» **Given information**:

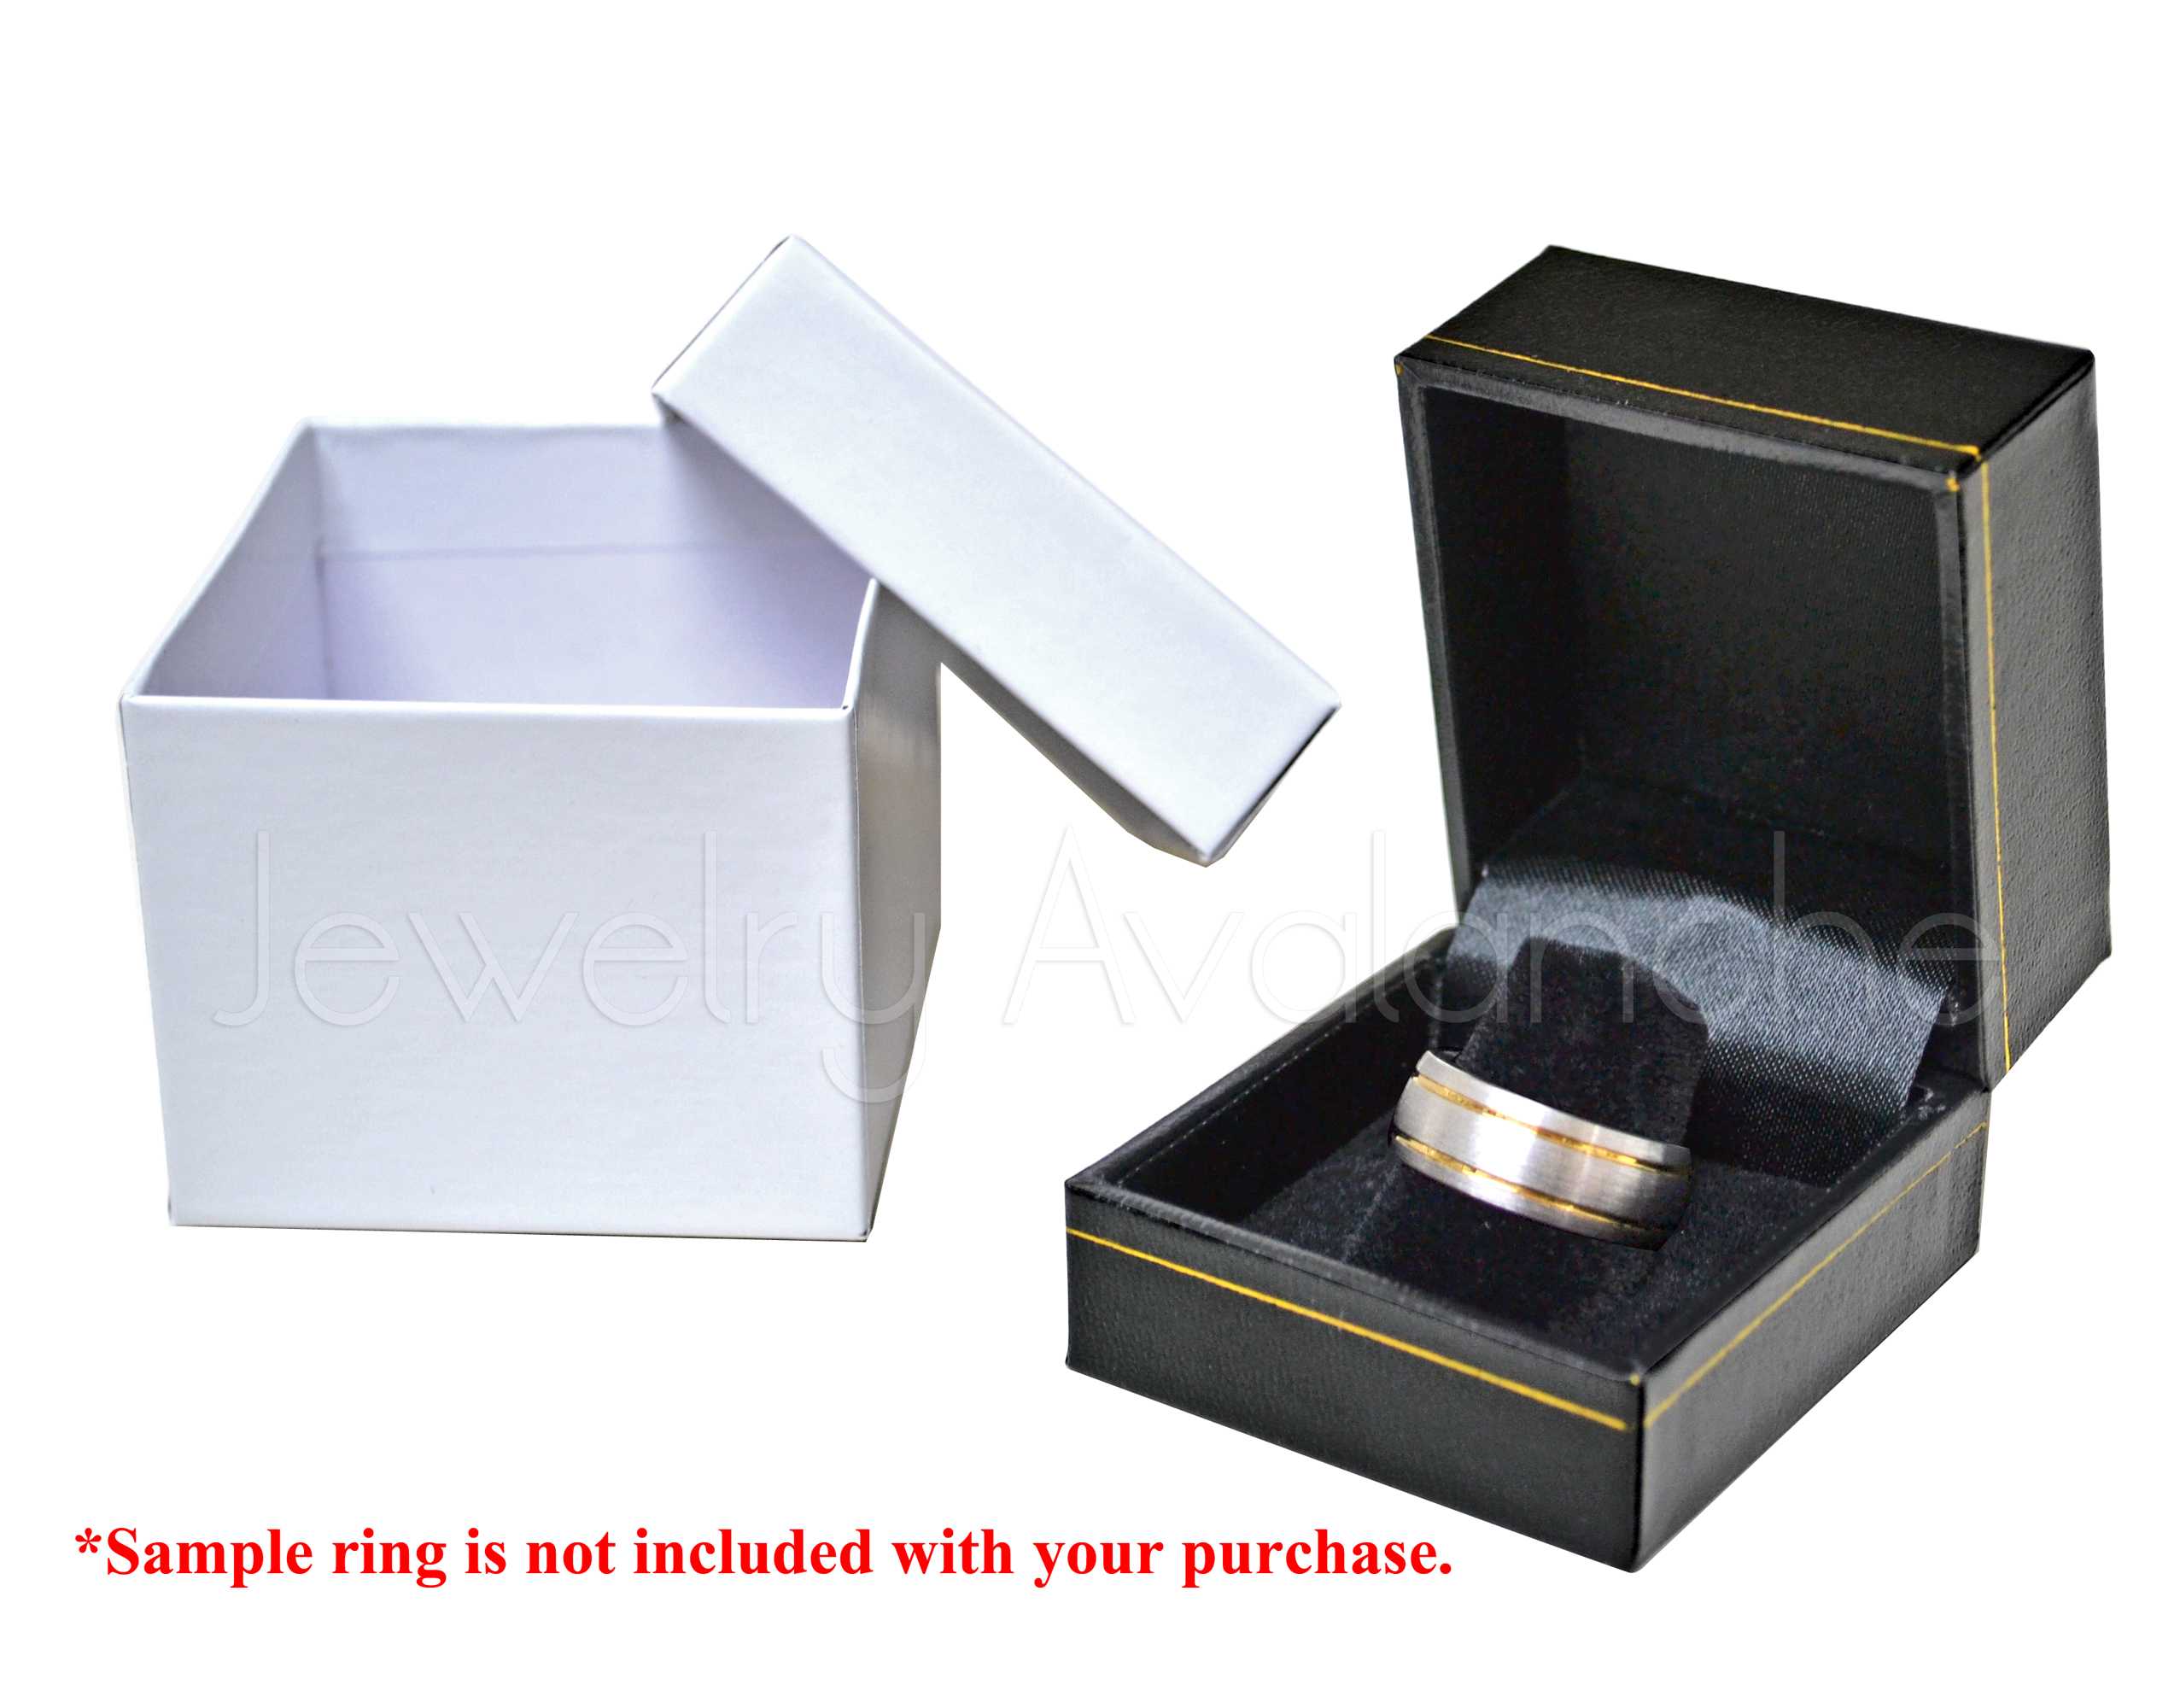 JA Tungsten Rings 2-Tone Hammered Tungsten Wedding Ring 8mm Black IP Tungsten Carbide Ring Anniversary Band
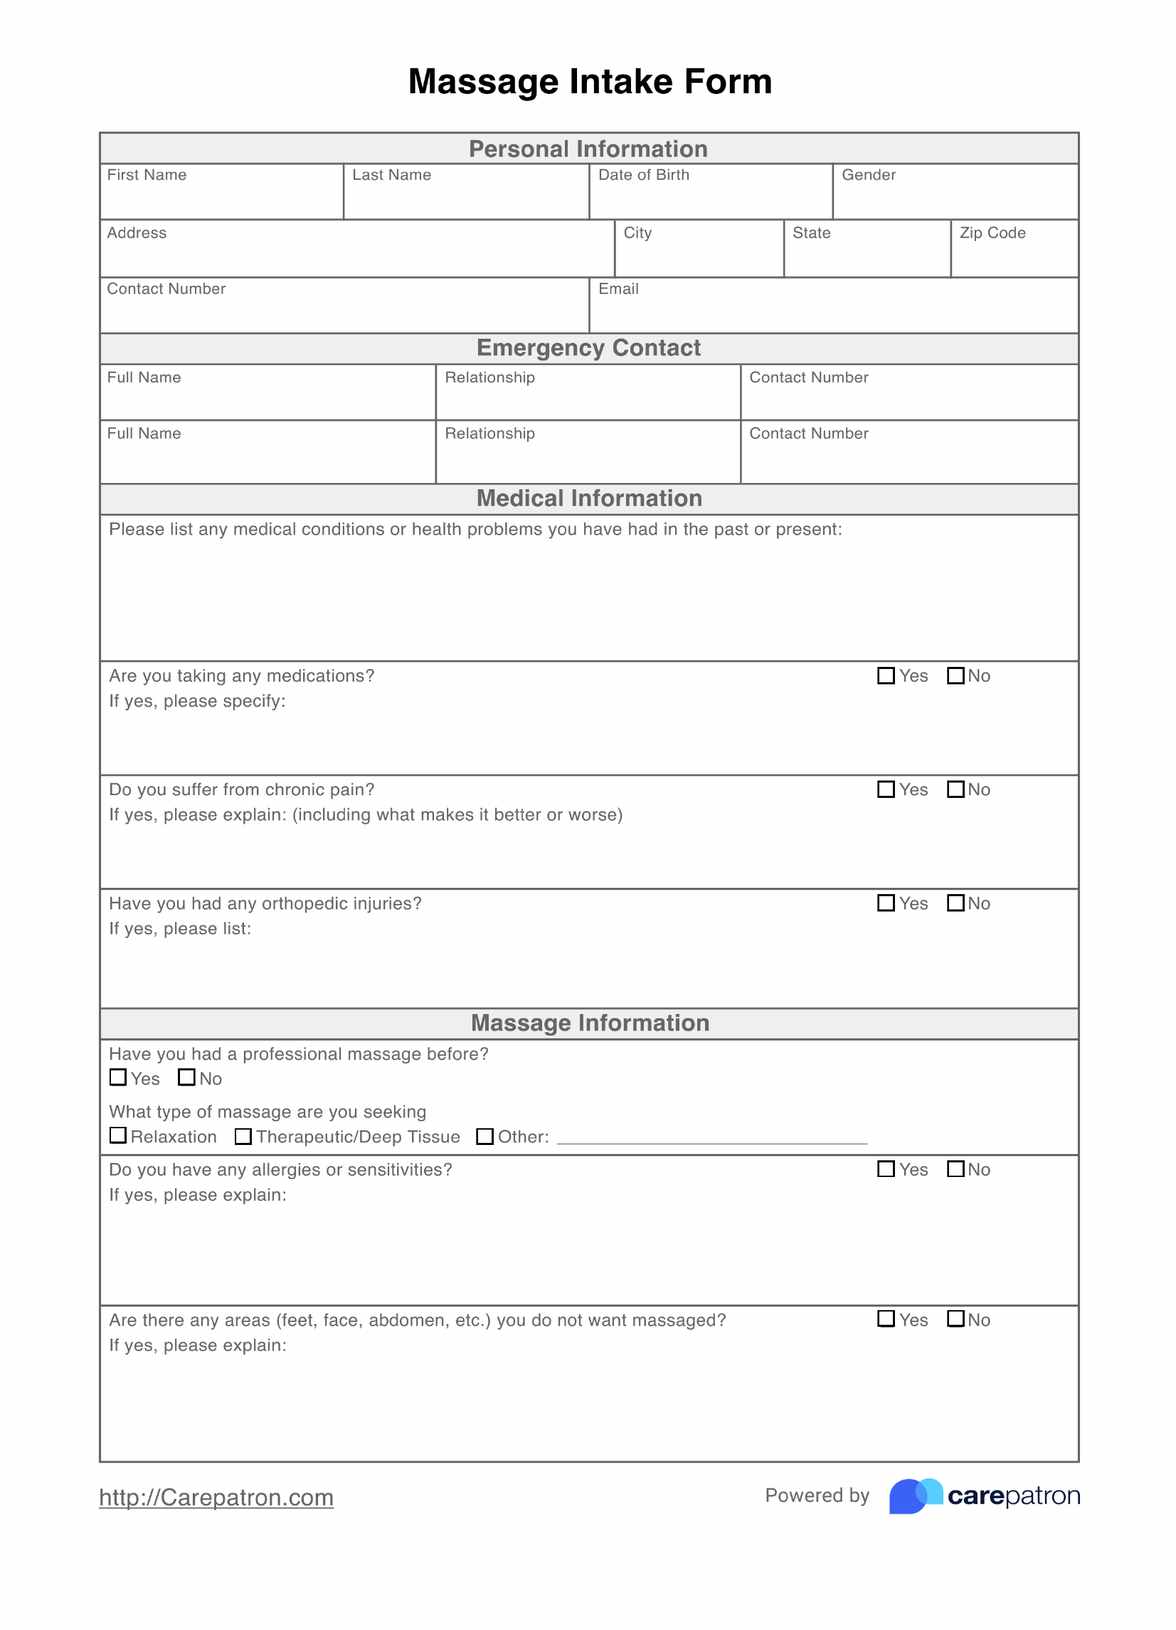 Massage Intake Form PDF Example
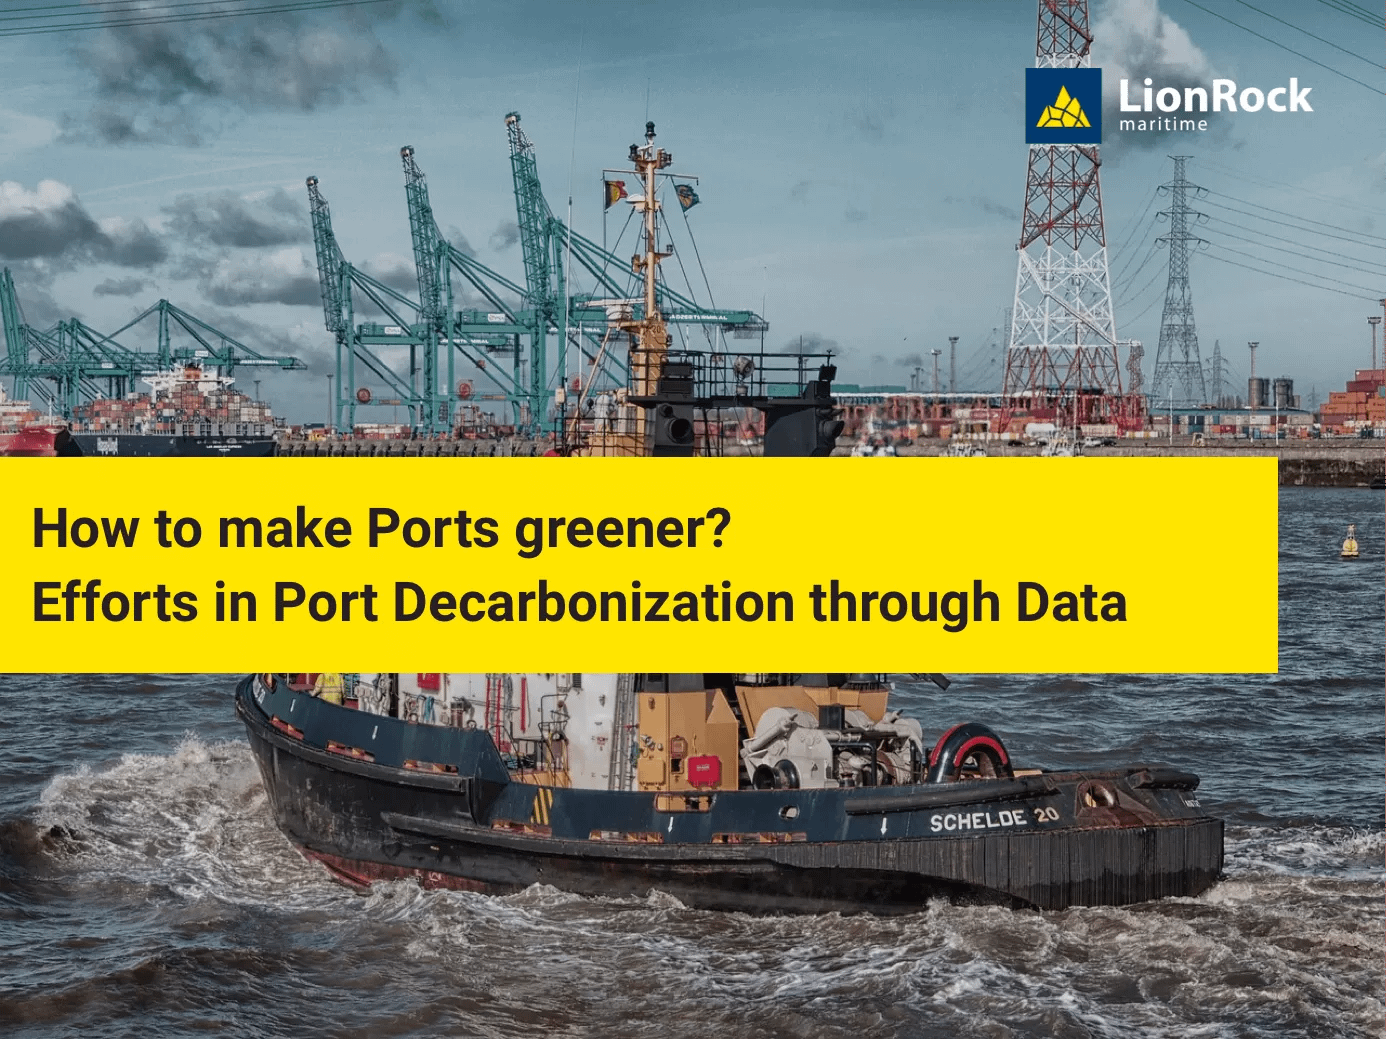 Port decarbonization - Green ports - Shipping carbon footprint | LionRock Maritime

» **Task statement**: What you return should be all of the material above, exactly, and none of its pictures.

» **Result for this exercise**:
 JA Tungsten Rings 2-Tone Hammered Tungsten Wedding Ring 8mm Black IP Tungsten Carbide Ring Anniversary Band
 Massage Intake Form PDF Example
 Port decarbonization - Green ports - Shipping carbon footprint | LionRock Maritime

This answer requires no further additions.